Charity Majors 12:48 and they crank all day. And your staff engineers, your principal engineers are in meetings. They're doing cross team collaboration and coordination and which is what they want to be doing. Typically, they spent ten or twenty years in that with their headphones on cranky and they're, you know, they want to solve new problems now. But like, you need people who can just put their headphones on, write code, ship shit all day long.
Charity Majors 13:14 And then often your intermediate engineers are the ones who can really be, to use your word, the most powerhouses.
Conor Bronsdon 13:21 Let's say someone comes to you and they say, Hey, I'm just going to build, I'm building a startup and I'm just hiring senior devs. Of these AI code gen tools, they can just ship so much faster and then I can have them solve these big business problems because they have this broader context understanding.
Charity Majors 13:38 How would you advise them to build their team differently? What would be the How do we write? I don't think I would advise them to do anything. Interesting. When Honeycomb was small, when we were starting, the first two engineers that we hired are now our only two principal engineers. You know, the first three engineers we hired were solidly staff plus principal engineers. Right. But there comes a point because the biggest risk that any baby startup has is
Charity Majors 14:01 that they're going to go out of business because they're not going move fast enough. Your time horizon in a startup, you can measure in weeks or months, you know, but like you can't plan for more than, I don't know, six months if you're doing great, right? You can't see around that corner. You don't know what you're going be working on. And trying to bring a junior engineer into that environment isn't actually serving them. I'm generalizing grossly, but like, typically
Charity Majors 14:23 but by the time you're planning not for weeks or months, but you're planning for years in advance, you should be able to bring some juniors along. They're an investment in the future. They are not an investment that takes years to pay off, but they are an investment. You know, they need a bit more stability, you know, in the same way that like you don't have four zero one ks matching for, you know, you're
Charity Majors 14:48 you're not paying them much, you know, money. You're paying them in. You know, there are a lot of things that are kind of weird about early startups that we know are not how you build a long term sustainable company.
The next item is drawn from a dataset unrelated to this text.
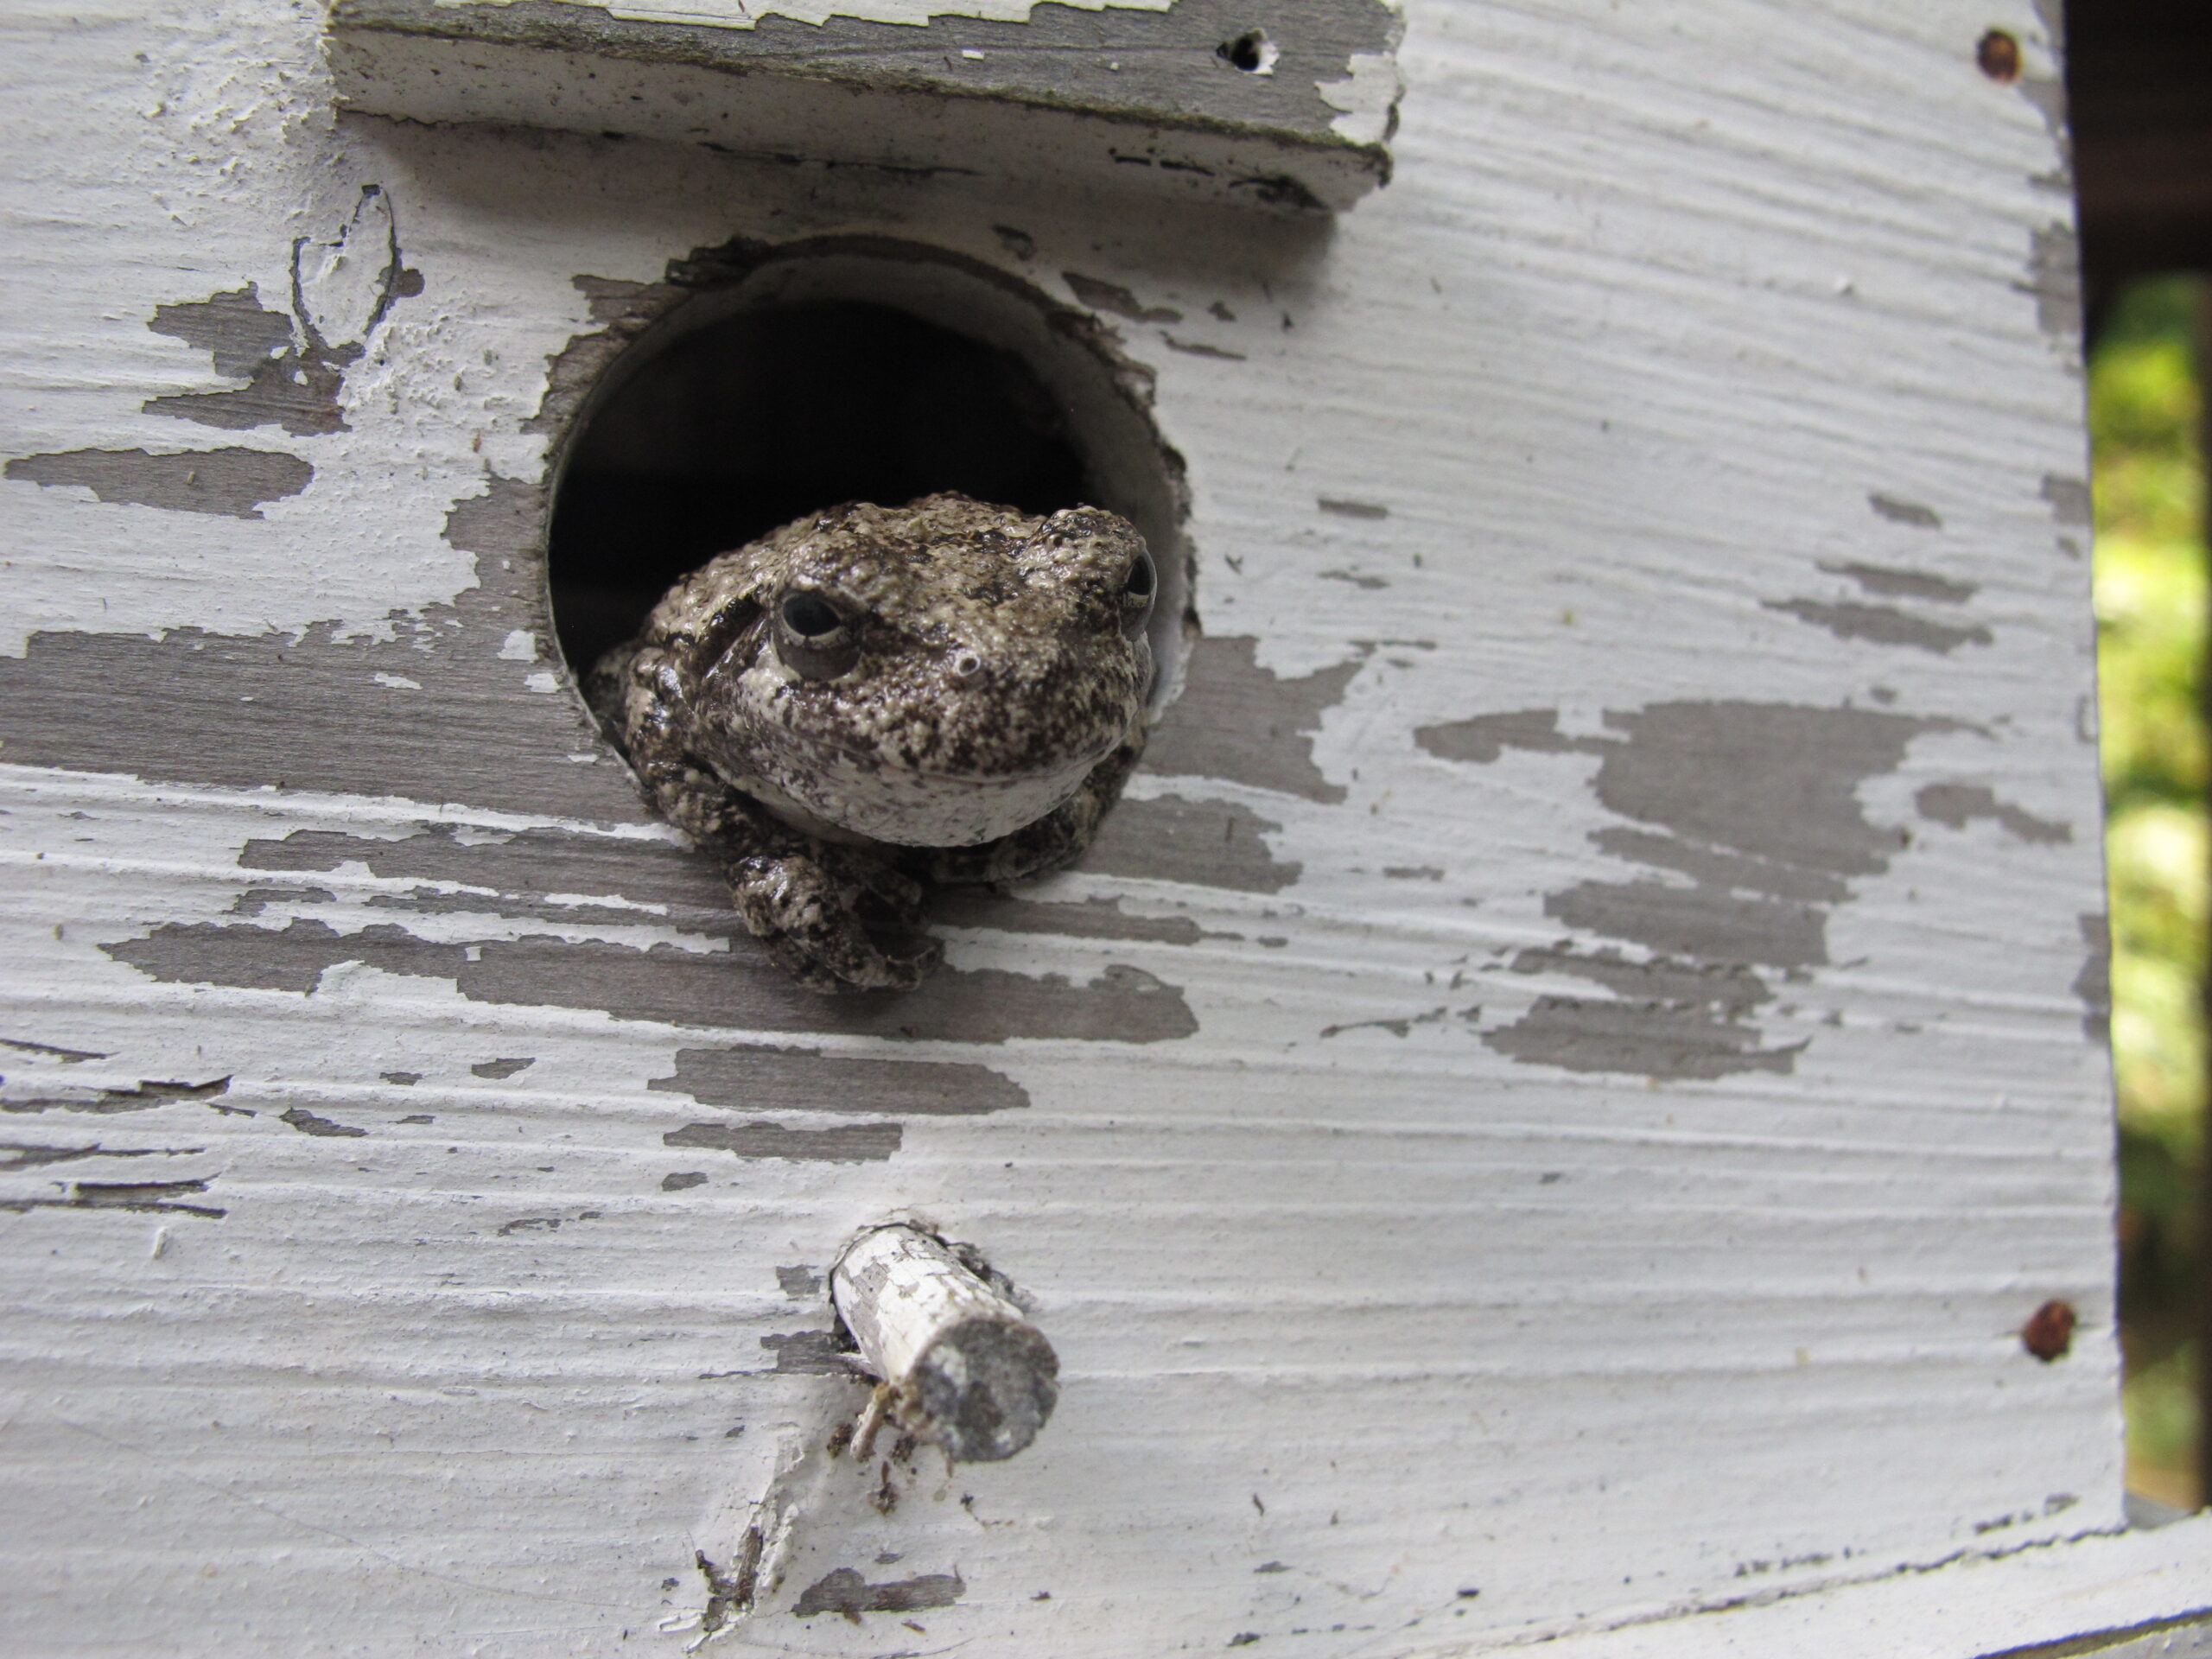 Should you build backyard frog homes? Absolutely, says Wisconsin amphibians researcher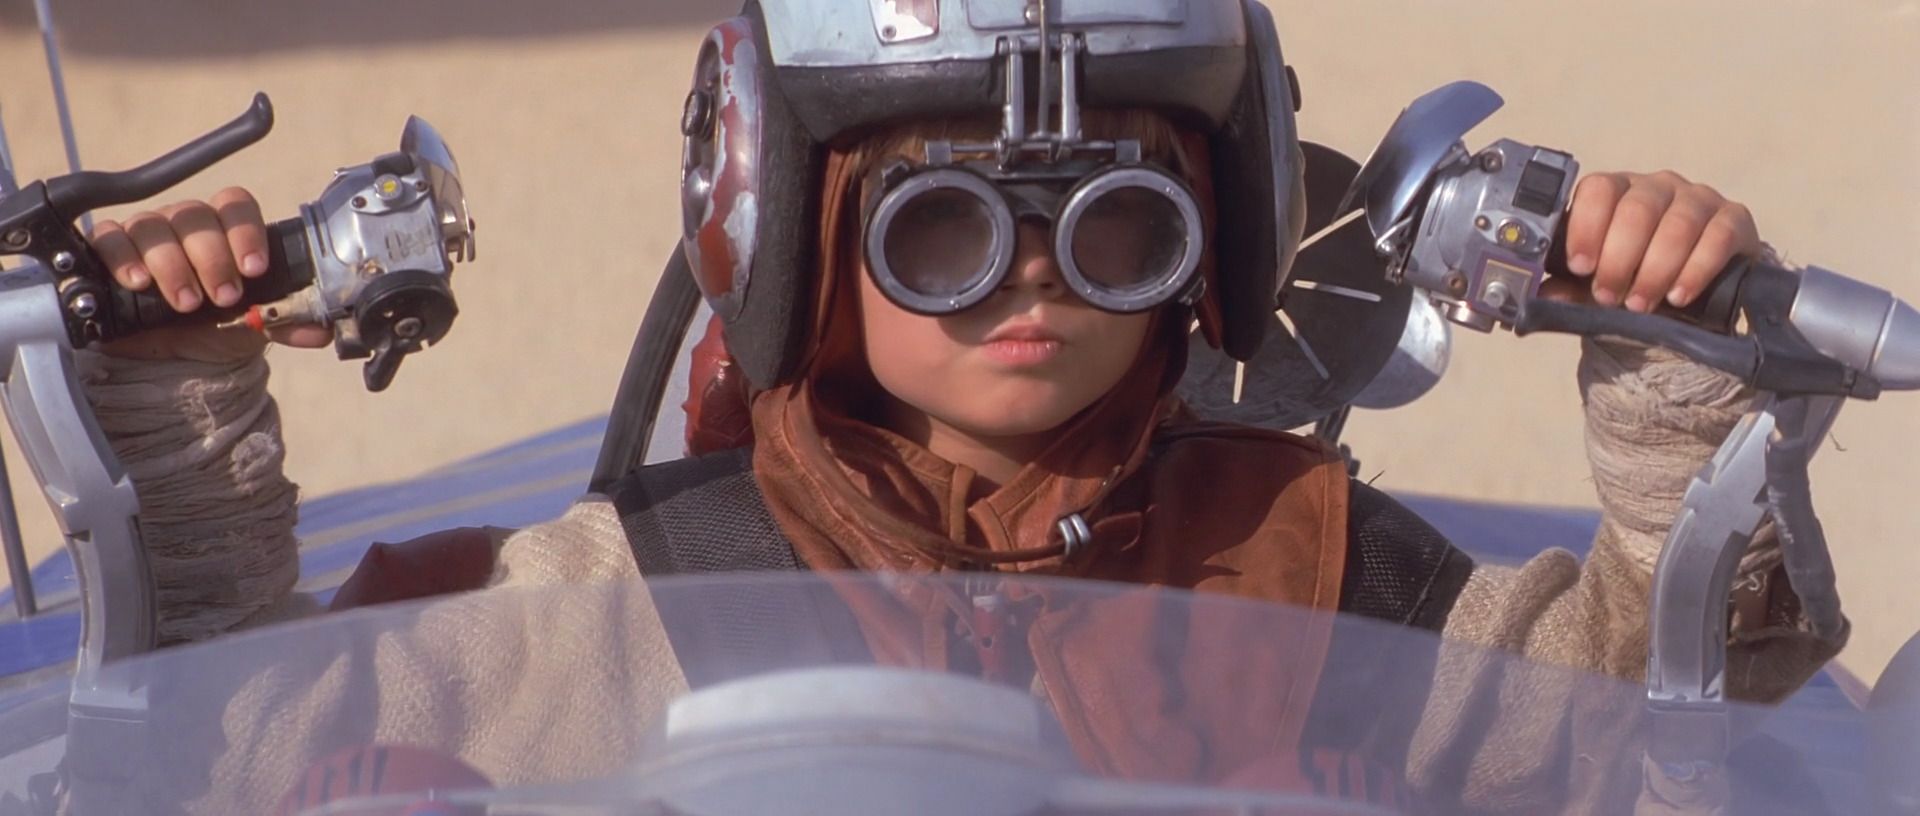 Anakin sitting in the cockpit of his podracer

Conor Bronsdon 15:01 And I think this is an important piece of nuance is a lot of folks who are giving us advice of like higher senior plus Yeah. Are coming from, oh, I'm just building my first app here, and I want to run quickly with it. I'm building Everything a small
Charity Majors 15:16 when it comes to advice. It should come with, like, a mandatory disclosure label. This is my background, and this is where I'm coming from. Honestly,
Conor Bronsdon 15:23 we would be a smarter world for that. It wouldn't be nearly as good for hot takes. So you know it's not going to happen. True. And I've heard you talk about this idea that this is something I think a lot of us feel, which is as people accelerate to, let's call it, IC leadership, the senior plus, the staff, the the principal, you know, they start solving these new problems because they have the context.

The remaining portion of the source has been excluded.